So I'm just going to end this post with this:

You look damn good on BIGBANG Fridays.


BIGBANG Captions Part VIII


Sex God: What do you mean you won't have sex with me? I rented this hotel room for us and everything. Don't tell me you'd rather have sex with that toothpick Ji-Yong. He might be able to howl, but baby I grunt and I'll bust this iron bed frame into pieces .... You sure you don't want to have sex with me?


BIGBANG Captions Part VII


King of Foreplay: I'M TIRED OF HOLDING MY V-CARD!!!

I wonder how many comments this post will receive.

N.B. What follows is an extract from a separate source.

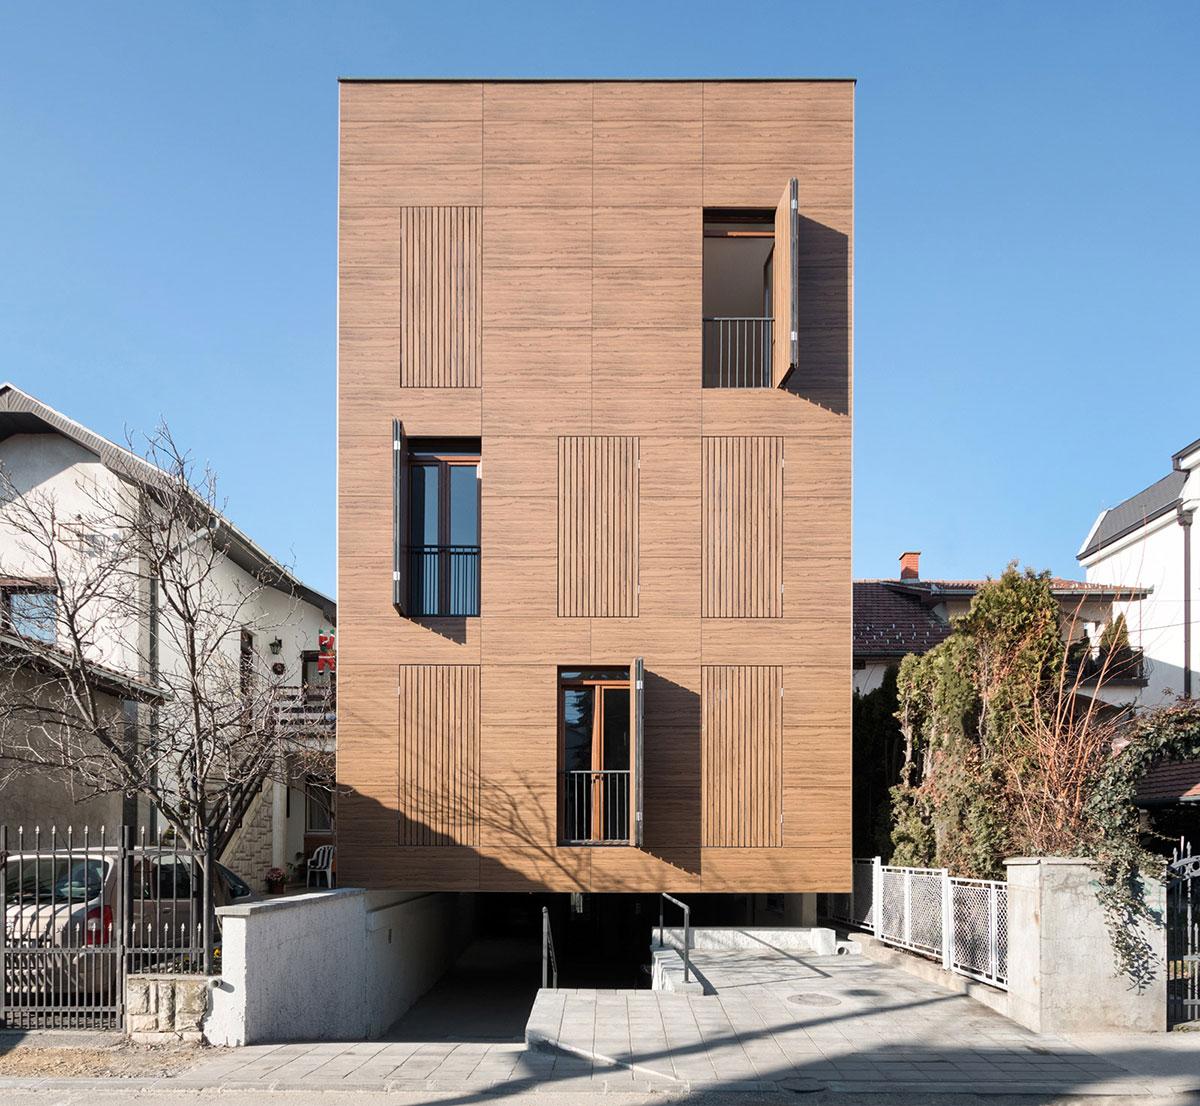 2017_Salon-arhitekture_2-1a-Nagrada-ARHITEKTURA-Simovici-N1-Housing

The Schizo Badass: Taeyang

I believe that the King of Foreplay can't really make up his mind as to whether or not he wants to be a complete and total badass. He flip flops from being sweet, innocent boy next door, to the dude you're only interested in having casual sex with and who you know won't call you back for at least two weeks, maybe one if he really likes you.


Usually, when he's performing, he exudes the tendencies of being a badass. I mean ... he looks like not only he knows what the hell he's doing in between the sheets, but he's practiced his skills time and time again. You know you've questioned whether or not he for sure has that V-Card of his every time he chest pops, pelvic thrusts, or rolls his body. And you know that you've thought to yourself time and time again that there is absolutely no way this man has never had a girlfriend, and that he just has to have some skanks on speed dial for a booty call.

Don't deny it.


But then, when he's off stage, he's this lovable, sweet-tempered, shy, good little religious boy that blushes at having an unholy thought of a sexual nature. And you have to wonder where the hell that animal that was on stage went and when he will come back. Will he come back on stage again, or will you be the lucky skank girl who seduces the charming, sweet, Bible-carrying boy and corrupt him?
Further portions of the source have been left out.